3.1 The Ld. AR submitted that, therefore, the disallowance u/s 115JB of the Act was violative of the provisions of the Act.
4.0 Per contra, the Ld. Sr. Departmental Representative (DR) submitted that the assessee had added back the impugned provision in the regular computation of income but had not added the same to the book profit for the purposes of Section 115JB of the Act. It was submitted that in terms of Clause-(c) of Explanation-1 to 115JB, the net profit is to be adjusted by any amount or amounts set aside to provision made for meeting liabilities, other than ascertained liabilities for arriving at the book profit in terms of Section 115JB of the Act. The Ld. Sr. DR also submitted that the fact of the matter remained that in the present case the provision for CSR was not an ascertained liability in as much as it was not known as to what was the nature of the provision for CSR.
5.0 We have heard the rival submissions and have also perused the material on record. The essential question before us is as to whether the provision for CSR as made by the assessee amounting to Rs.35,09,480/- can be considered as an ascertained liability or not. In terms of Clause-(c) of Explanation-1 to 115JB, the net profit is to be adjusted by any amount or amounts set aside to provision made for meeting liabilities, other than ascertained liabilities for arriving at the book profit in terms of Section 115JB of the Act. It is seen that, admittedly, the assessee has made the impugned provision in terms of the calculation provided by the guidelines issued by the Department of Public Enterprises.
However, although, the amount to be provided towards meeting the liability of the CSR expenditure has been quantified in accordance with the guidelines provided by the Department of Enterprises, how the amount is to be spent has neither been determined nor has been specified by the assessee.

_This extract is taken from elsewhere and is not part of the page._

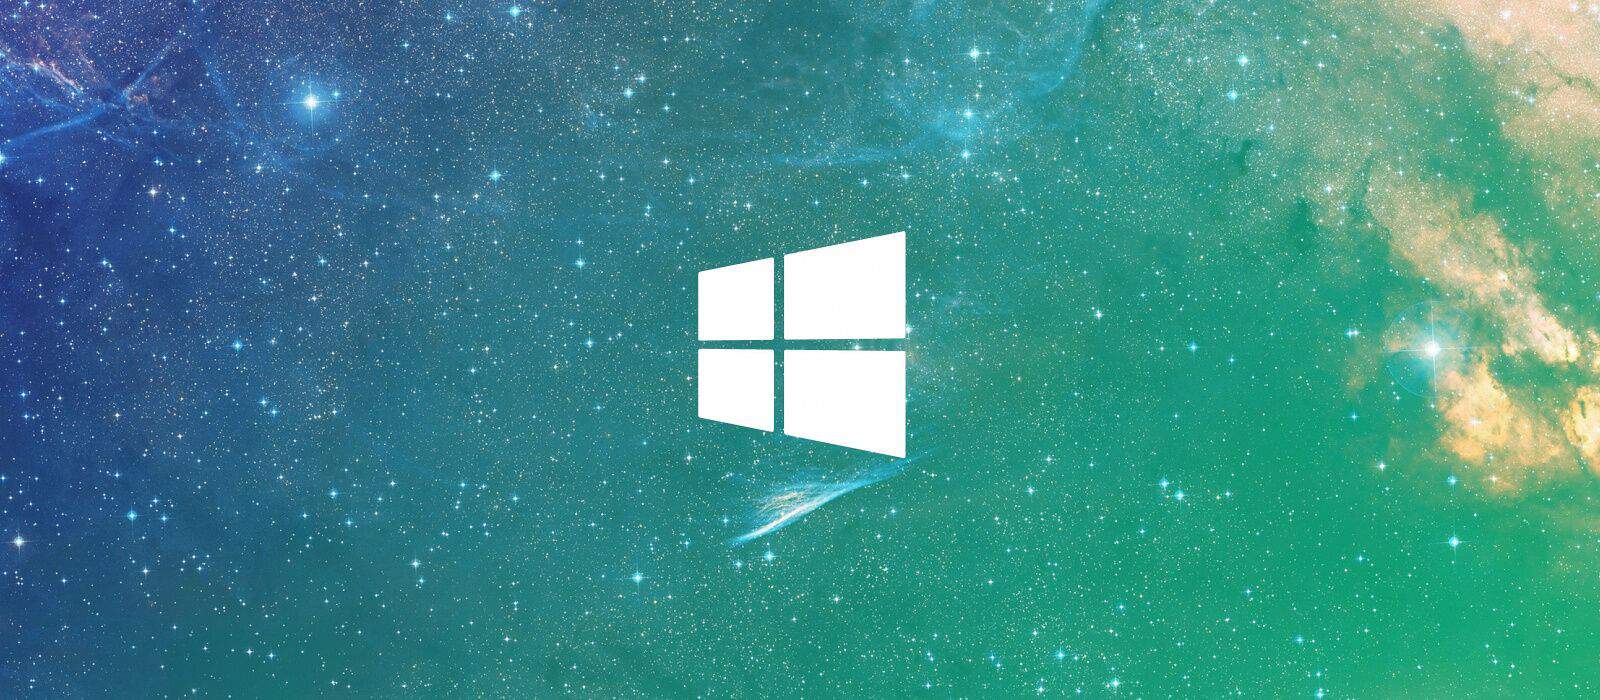 Soldes GVGmall : Windows 10 licence à vie pour €13 et Office pour €24, réductions de 90% !
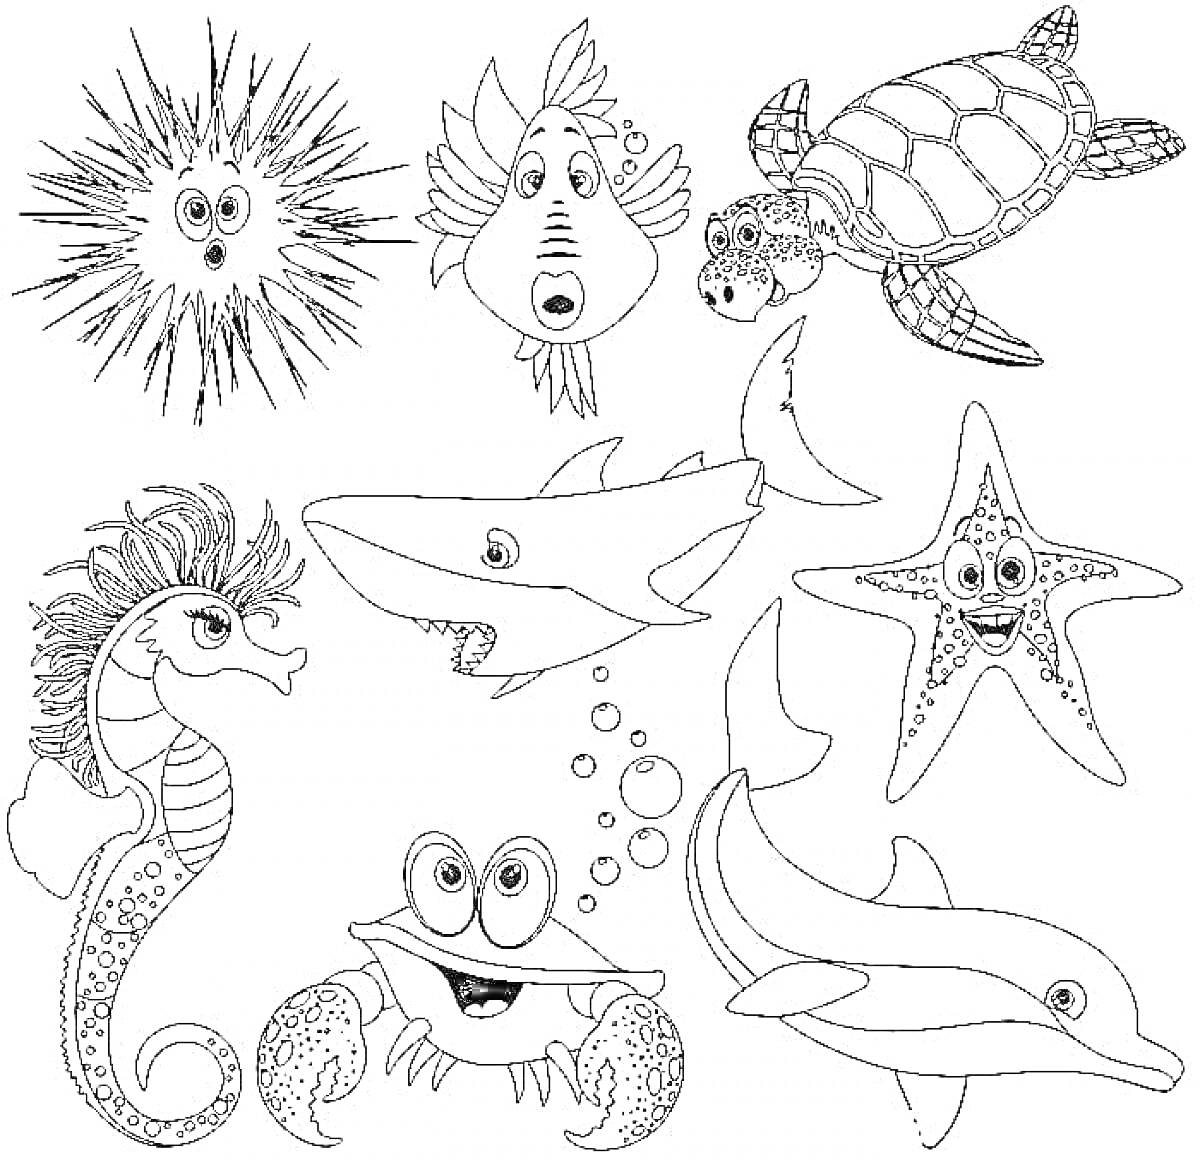 Раскраска Морские животные - морской ёж, рыба-лунь, черепаха, морской конек, акула, морская звезда, краб, дельфин

Thus, although the assessee has set-aside an amount ear-marked for spending towards the CSR obligation, how the ear-marked amount will be finally spent has not been determined. As per the Cambridge Advanced Learner’s Dictionary, the meaning of the word “ascertained” is “to make certain”. In dictionary.com, the word “ascertain” has been described as “to make certain, clear or definitely known” In the present case, how the amount ear-marked for spending towards the CSR obligation will be spent is “not certain”, “clear” or “definitely known”. At best, it is just an amount which has been set aside for being spent towards Corporate Social Responsibility but without any further certainty of its end-use. Thus, in our considered opinion, it cannot be said that the liability is an ascertained liability. Although, the Ld. AR has placed reliance on numerous judicial precedents, the same are distinguishable on facts as in those cases the nature/mode of expenditure ear-marked for Corporate Social Responsibility spending was very much determined and specified i.e. the nature/mode of expenditure was “ascertained”. Therefore, on the peculiar facts of this case we are unable to agree to the contention of the Ld. AR that the impugned disallowance u/s 115JB was an ascertained liability. We dismiss the grounds raised by the assessee.